Now imagine how incomprehensible must be a well-order of an uncountable set!

So no, you may not assume that it is a

*list*, which is defined as the particular countable well-order that we call the "usual order on the naturals," namely 1, 2, 3, 4, ...

That's only one particular well-order of a countable set, and it's the simplest one. There are many others and they are one of the most mind-boggling objects in mathematics that I know. The contemplation of the countable ordinals makes me dizzy.

And now you are attempting to contemplate an uncountable ordinal.

I'm not saying we can't do that. It will be fun to work with this. But let's be aware of the pitfalls and complications.

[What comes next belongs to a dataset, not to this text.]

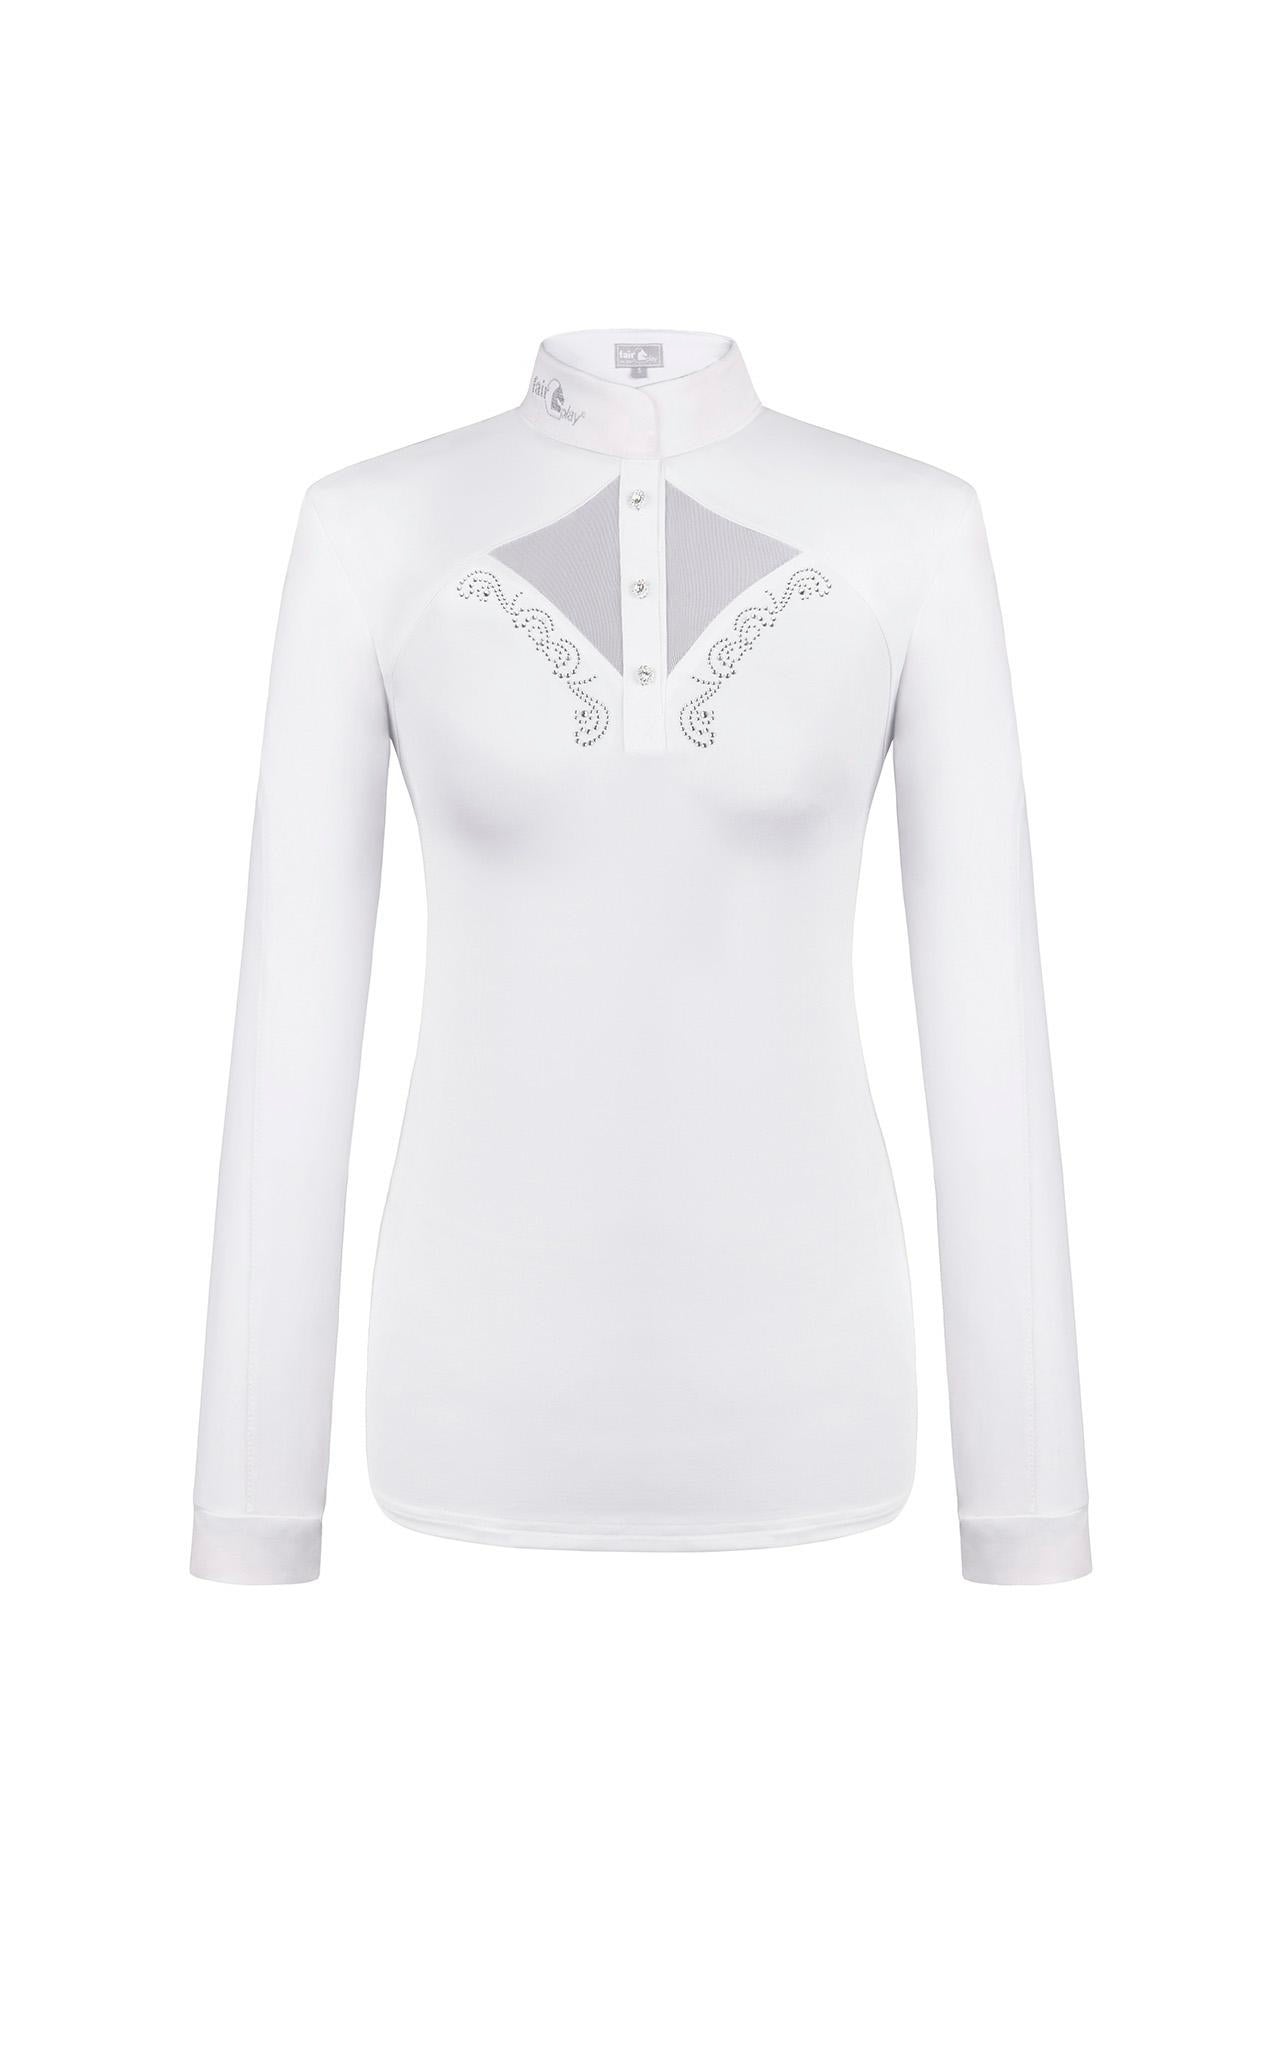 White competition shirt for equestrian women

The first uncountable ordinal is $\aleph_1$. In ordinal notation it's $\omega_1$, and $\aleph_1$ refers to the same number as a cardinal.

The best (probably the only) way to visualize $\omega_1$ is that it's the set of countable ordinals. In other words say you continue developing the countable ordinals as I did earlier, and you consider every possible way that you could well-order the naturals. Any set of ordinals is well ordered, in fact every ordinal is an initial segment of all the ones above it. So one, the set of all countable ordinals is in fact a set [needs proof]; and two,

*it's an ordinal* [ditto]. It can't be a countable ordinal, because a set can't be a member of itself. So the set of all countable ordinals must be the first uncountable ordinal.

I've just sketched a proof of the existence of an uncountable ordinal that did not depend on the axiom of choice. In fact the existence of $\omega_1$ is a theorem of ZF. Isn't that interesting? We need Choice to well-order an arbitrary set. But we do not need Choice to show that there is

*some* uncountable well-ordered set.

But now here is a problem you might have. We just described the uncountable ordinal $\omega_1$. But when you well order $2^{\aleph_0}$, you have no conceivable idea what that ordinal looks like. As wild as the countable ordinals are, how wild must the uncountable ordinals be? And what if the Continuum hypothesis is false and the $2^{\aleph_0} = \aleph_{47}$ or worse. How wild might your well-order of $I$ be?

I will end for tonight and take up the rest of this tomorrow. I hope this review of ordinals has been helpful. When you write $a^n$ are you thinking of wild uncountable ordinals but just writing them like the usual order on the naturals? Or are you intuitively thinking of the usual order and possibly confusing yourself? I couldn't tell from your exposition but I didn't read it closely yet.

ps -- When you ask if there's a least ordinal such that such and so, the answer is always yes. That's the thing about ordinals. If there's ANY ordinal such that X, there's a least one such that X, where X is any property.